Could you write out the listing below exactly as it stands, leaving out the pictures?

**Available data:**

____________

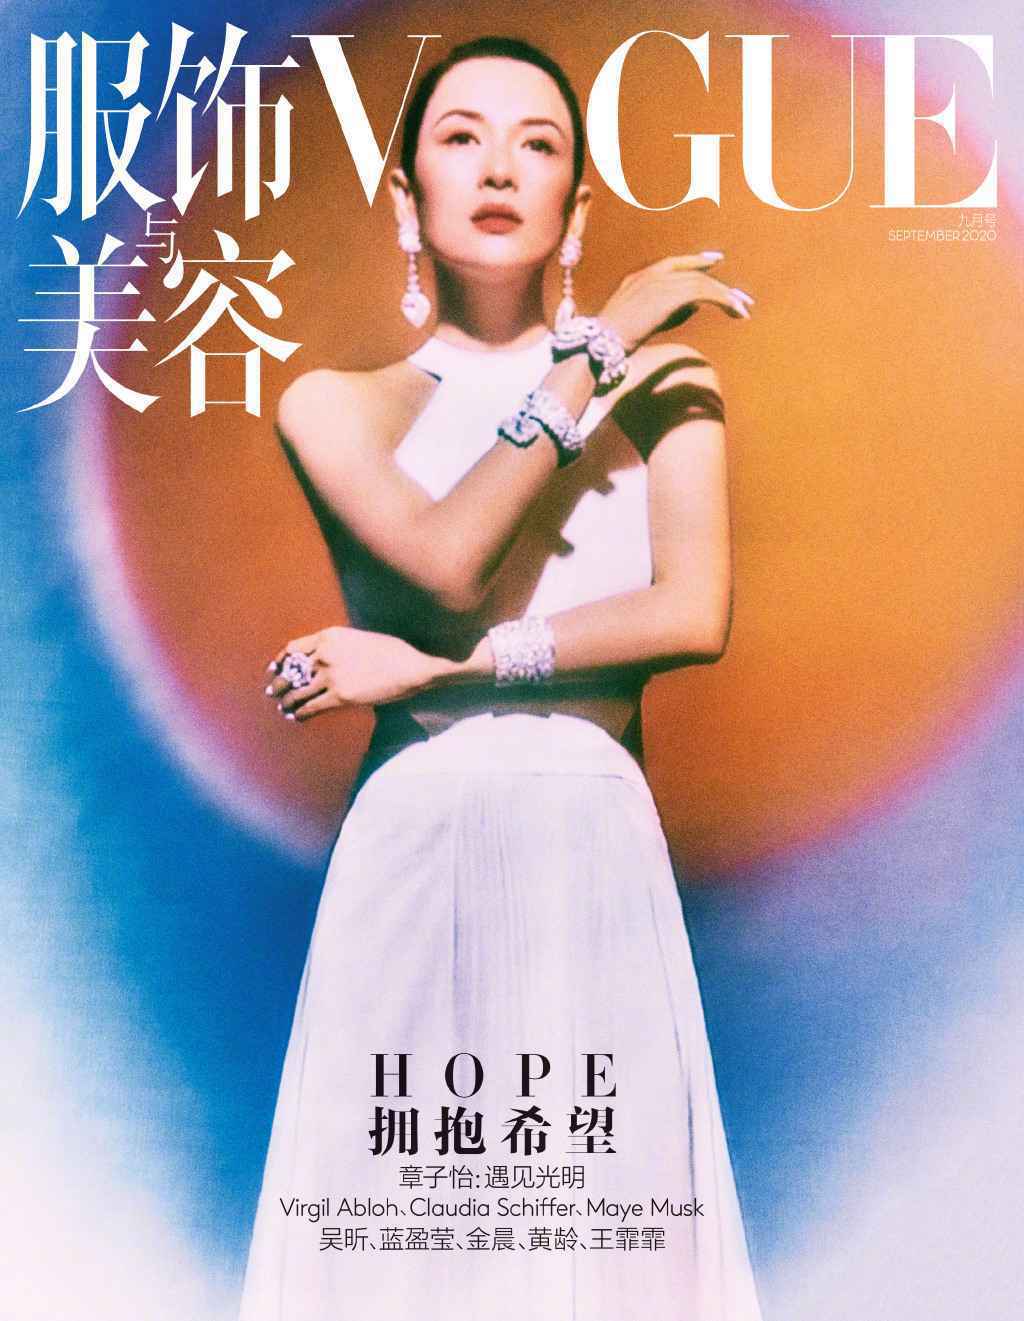 全球VOGUE九月刊携手以希望为题 中国版章子怡登封面
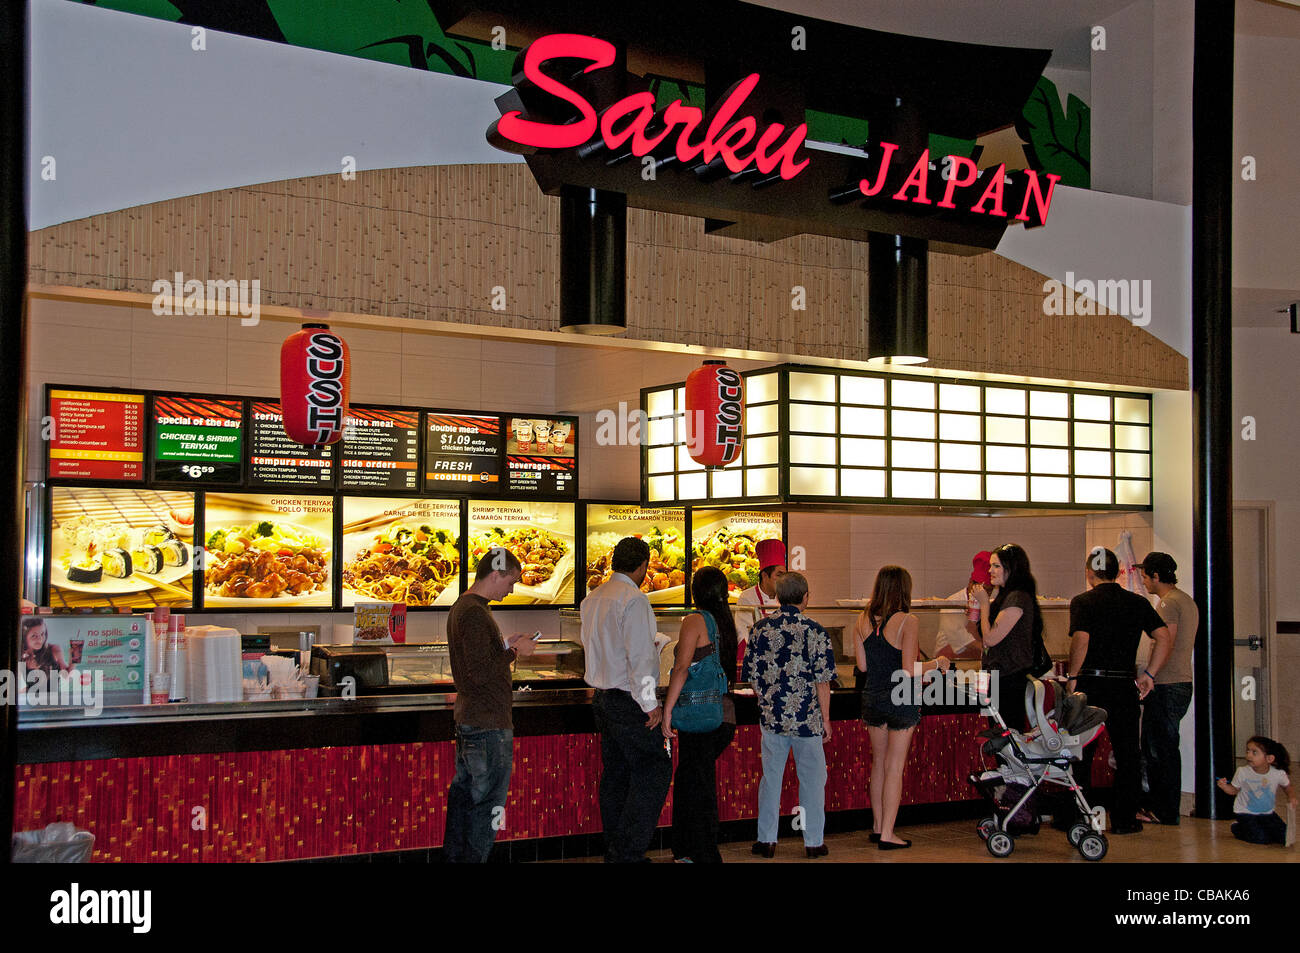 Sarku Japan japanische Sushi Fastfood Einkaufszentrum Food Court Vereinigte Staaten Stockfoto
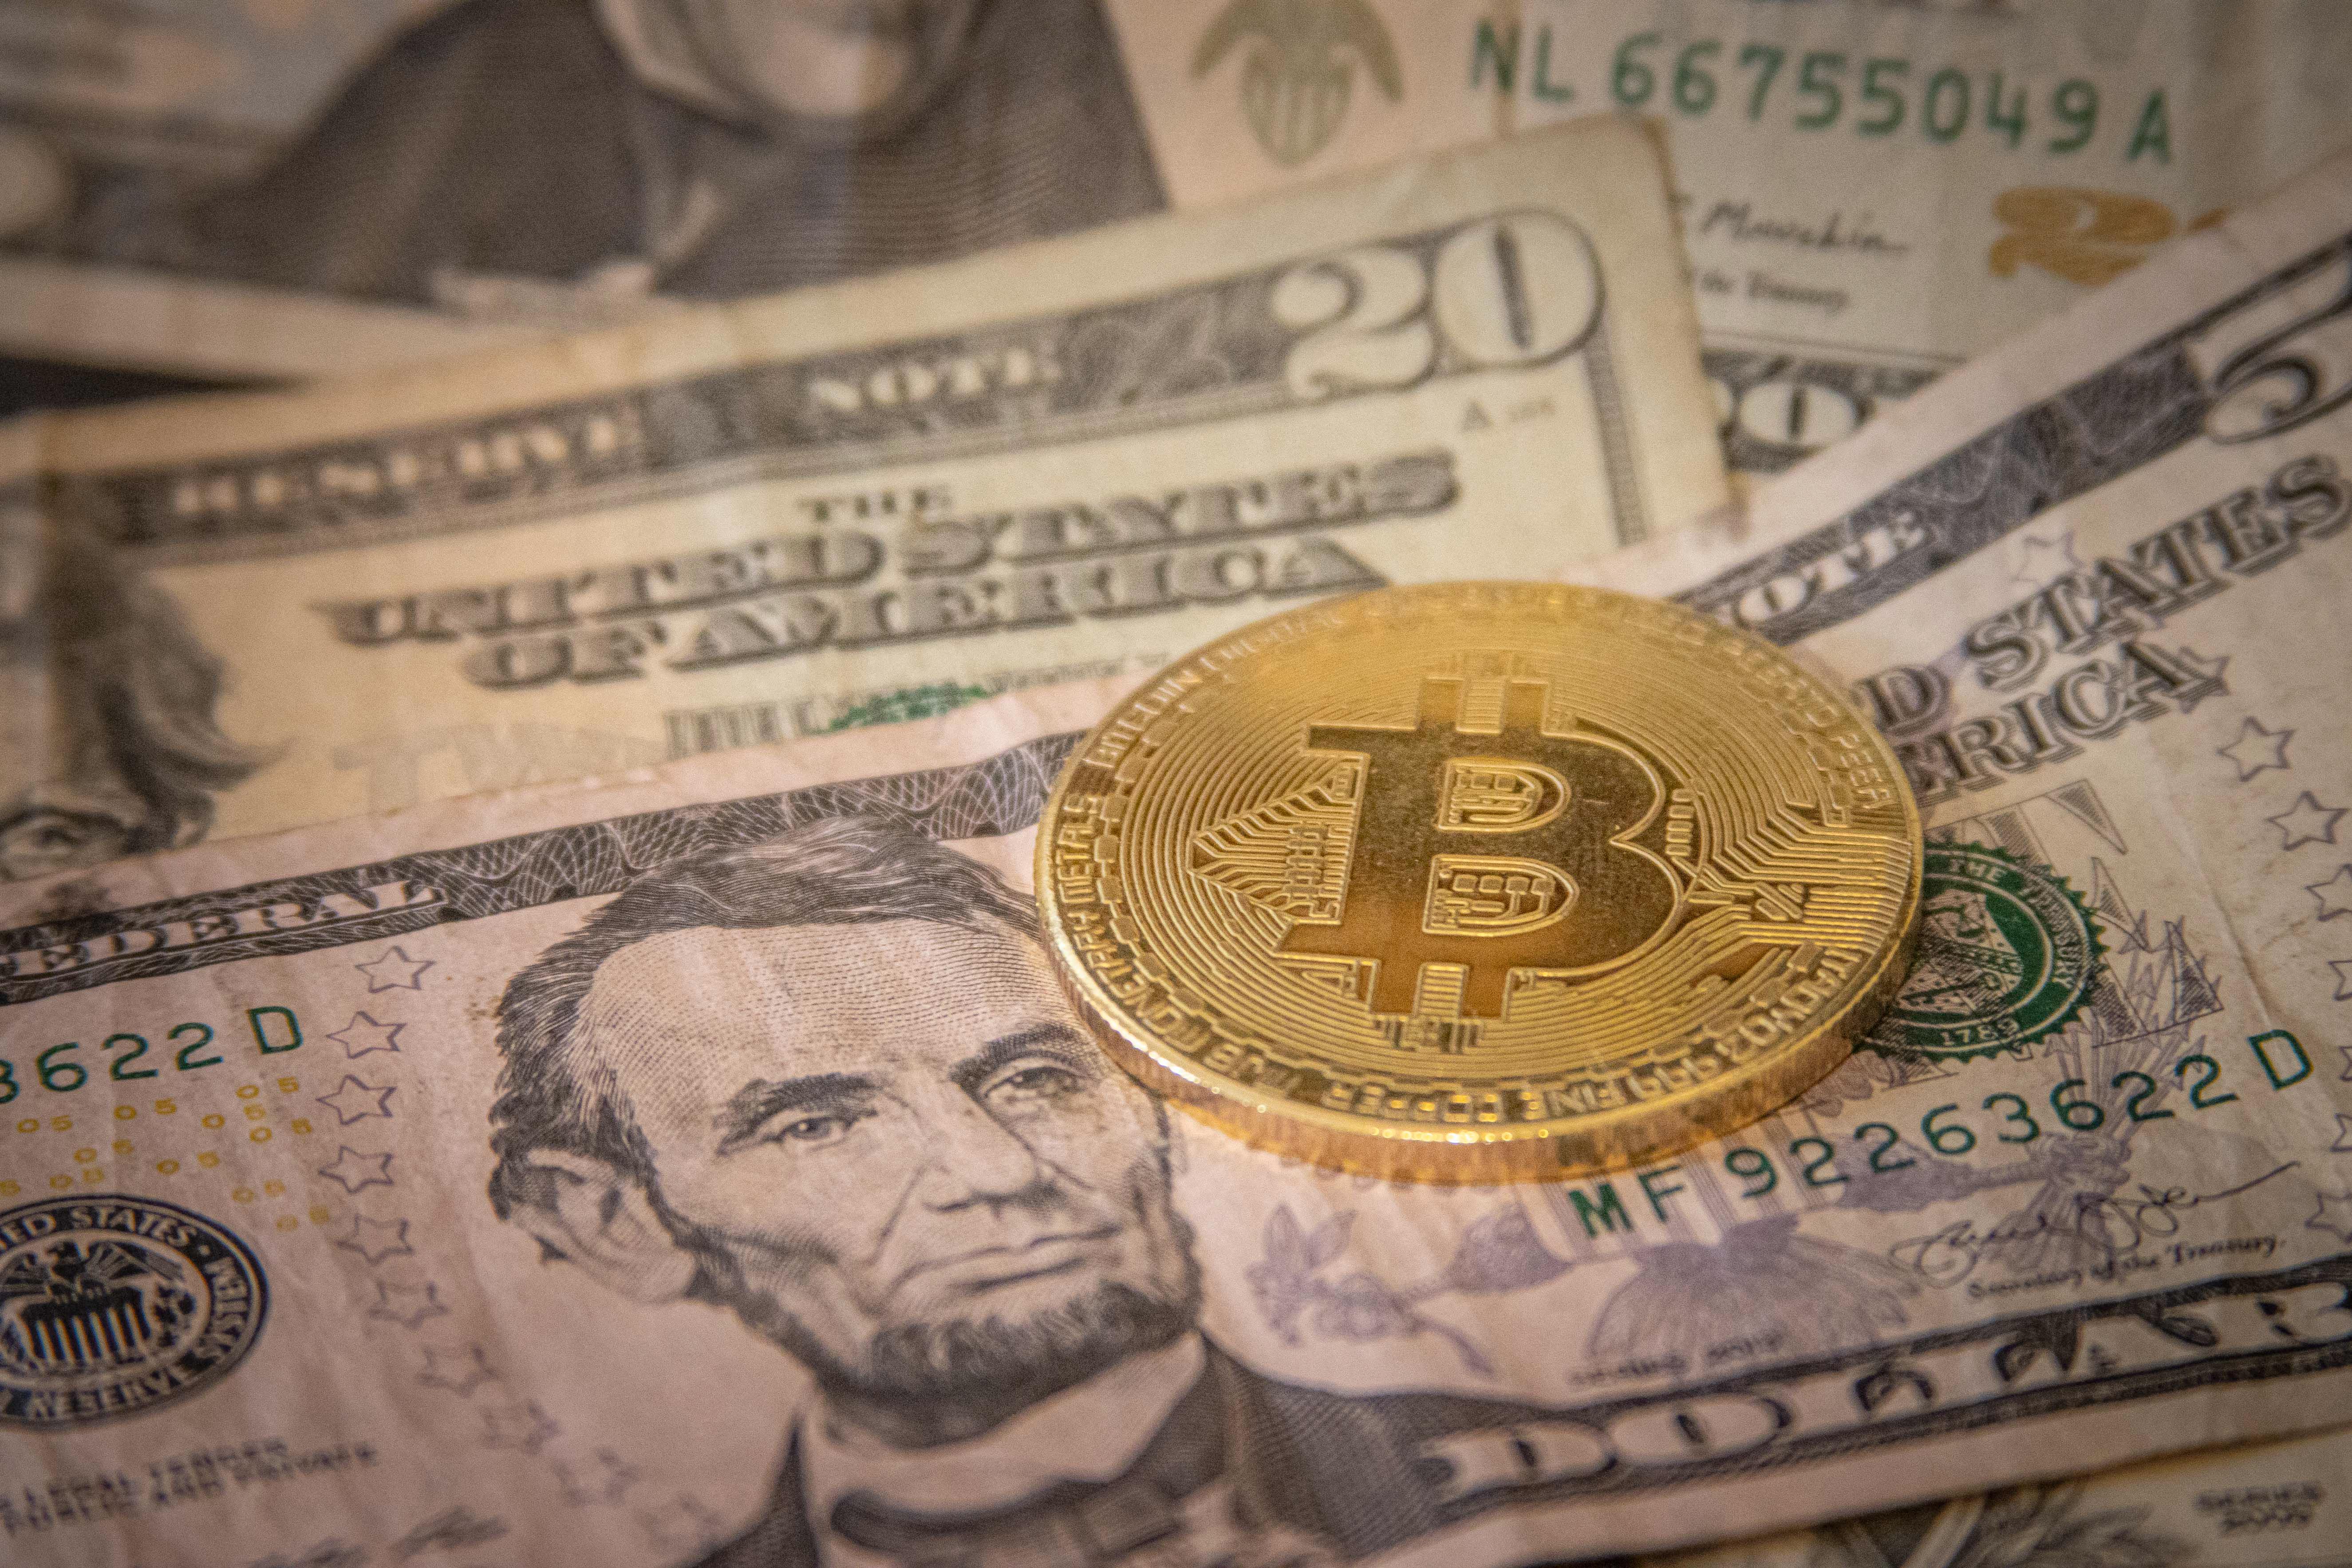 A gazdagok ráugrottak a bitcoinra, mert már az is biztosabbnak tűnik a pénznél

____________

**Solution below:**
 全球VOGUE九月刊携手以希望为题 中国版章子怡登封面
 Sarku Japan japanische Sushi Fastfood Einkaufszentrum Food Court Vereinigte Staaten Stockfoto
 A gazdagok ráugrottak a bitcoinra, mert már az is biztosabbnak tűnik a pénznél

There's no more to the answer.